------ DATA BELOW ------

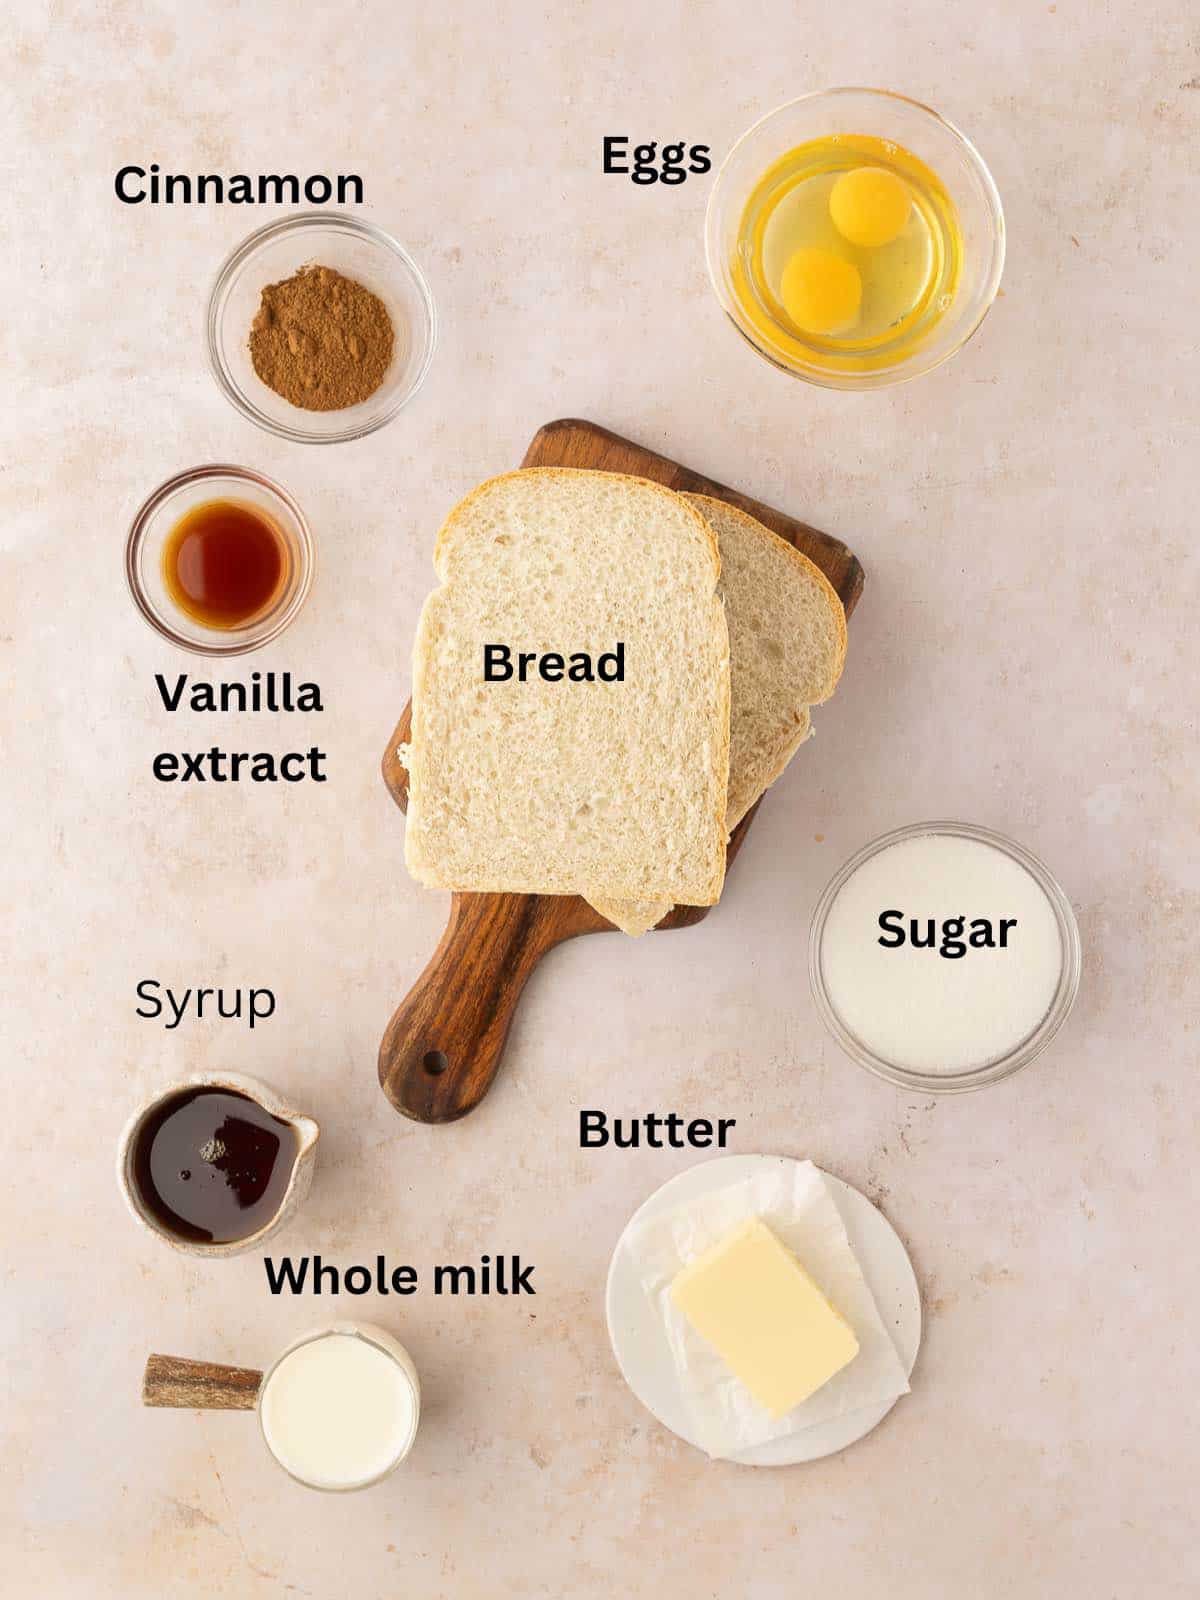 Ingredients on a counter include slices of bread, and bowls of syrup, eggs, sugar, and milk. 
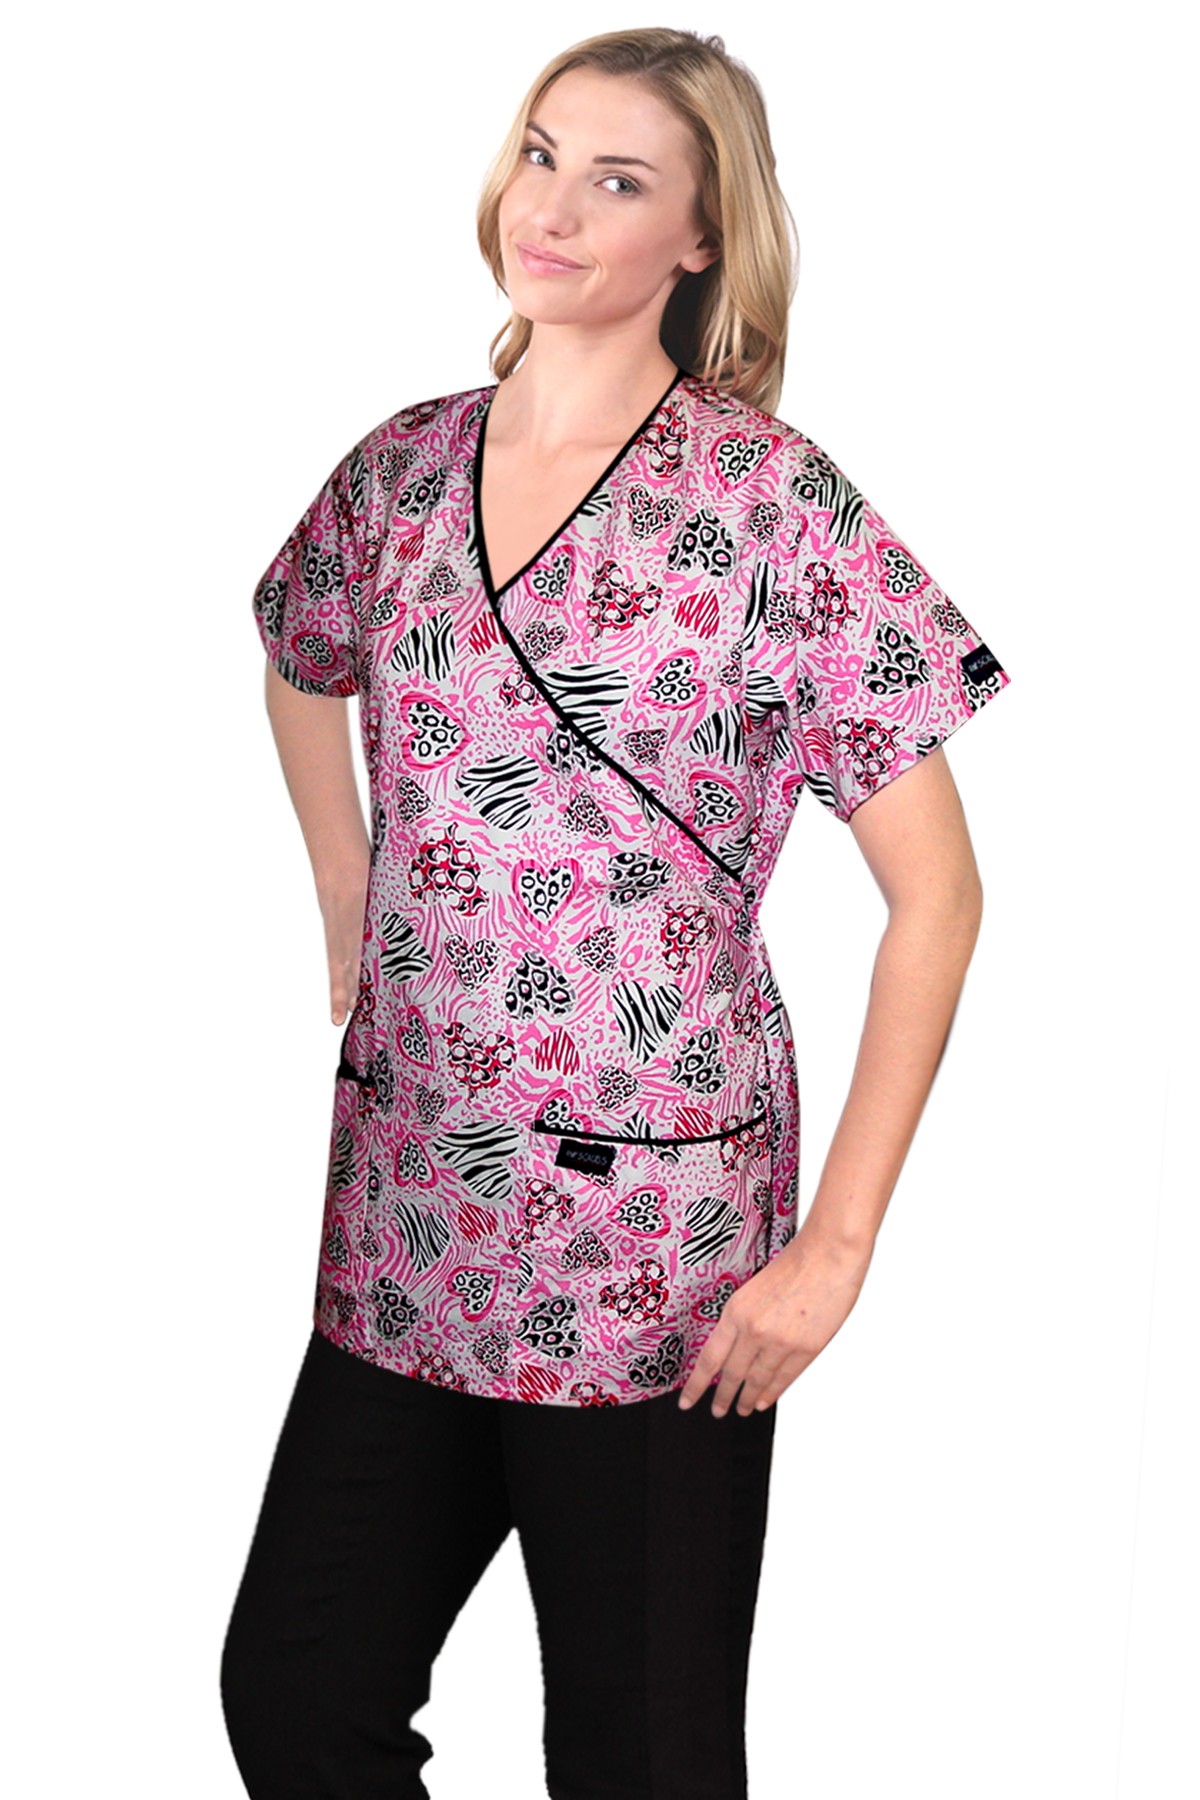 Printed scrub set mock wrap 5 pocket half sleeve in pink and black heart print with black piping (top 3 pocket with bottom 2 pocket boot cut)
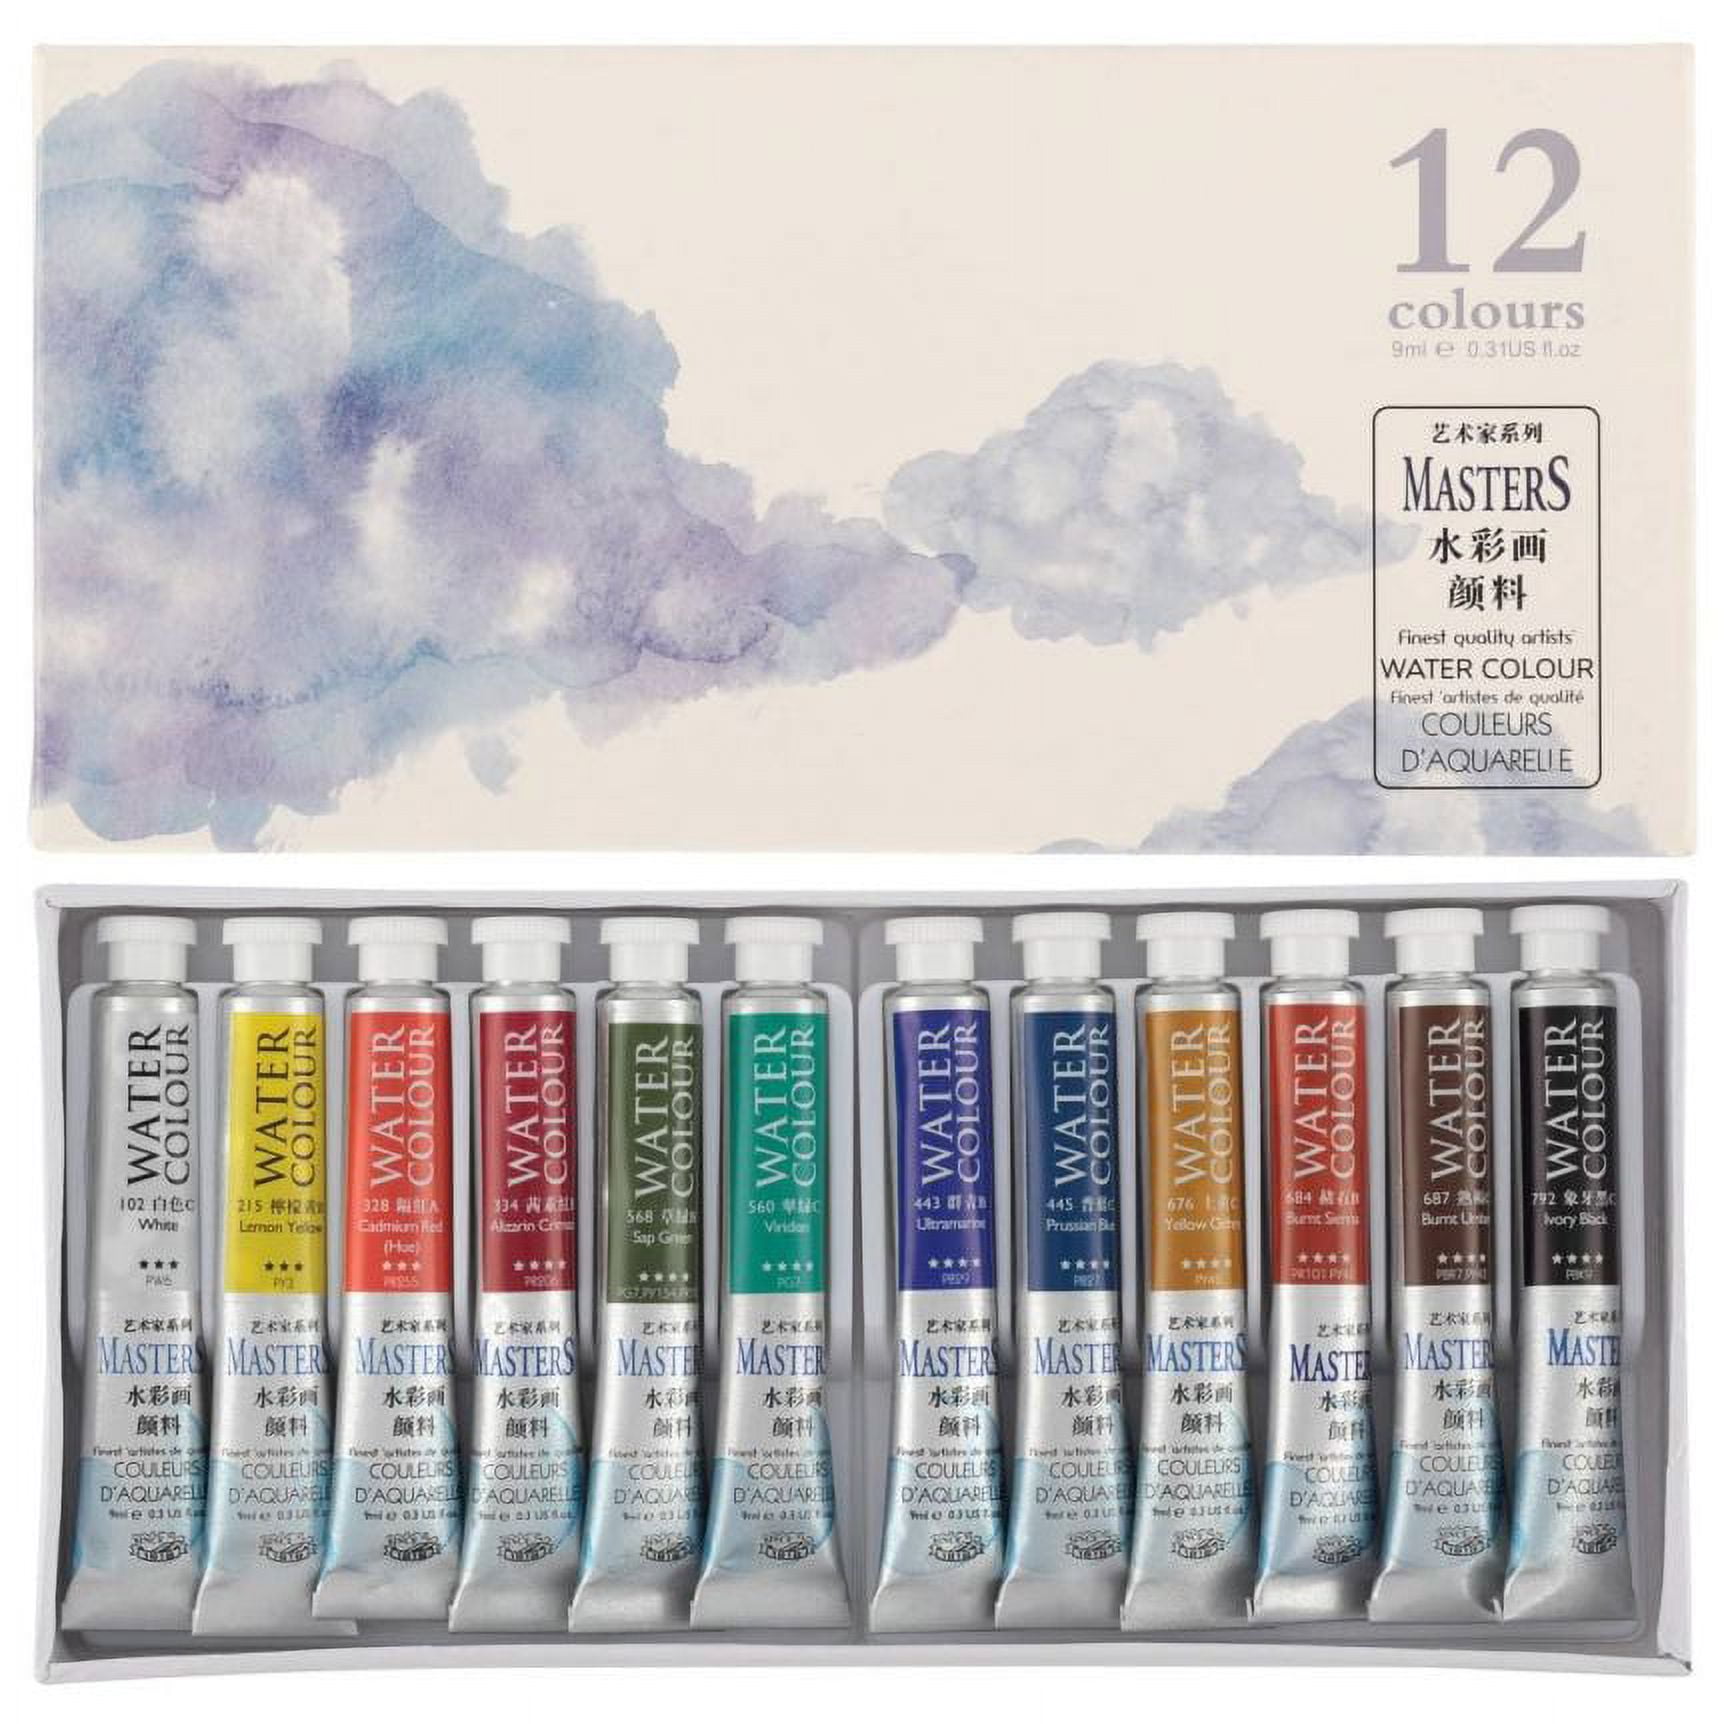 Watercolor Painting Set, 50 Vivid Colors in Portable Box, Include Brush Palette Sponge, Travel Watercolor Set for Children to Adults, Watercolor

------

§ **WHAT YOU ARE ASKED TO DO**
Skipping the images, write out the whole listing exactly.

§ **OUTPUT BELOW**
 Ingredients on a counter include slices of bread, and bowls of syrup, eggs, sugar, and milk. 
 Printed scrub set mock wrap 5 pocket half sleeve in pink and black heart print with black piping (top 3 pocket with bottom 2 pocket boot cut)
 Watercolor Painting Set, 50 Vivid Colors in Portable Box, Include Brush Palette Sponge, Travel Watercolor Set for Children to Adults, Watercolor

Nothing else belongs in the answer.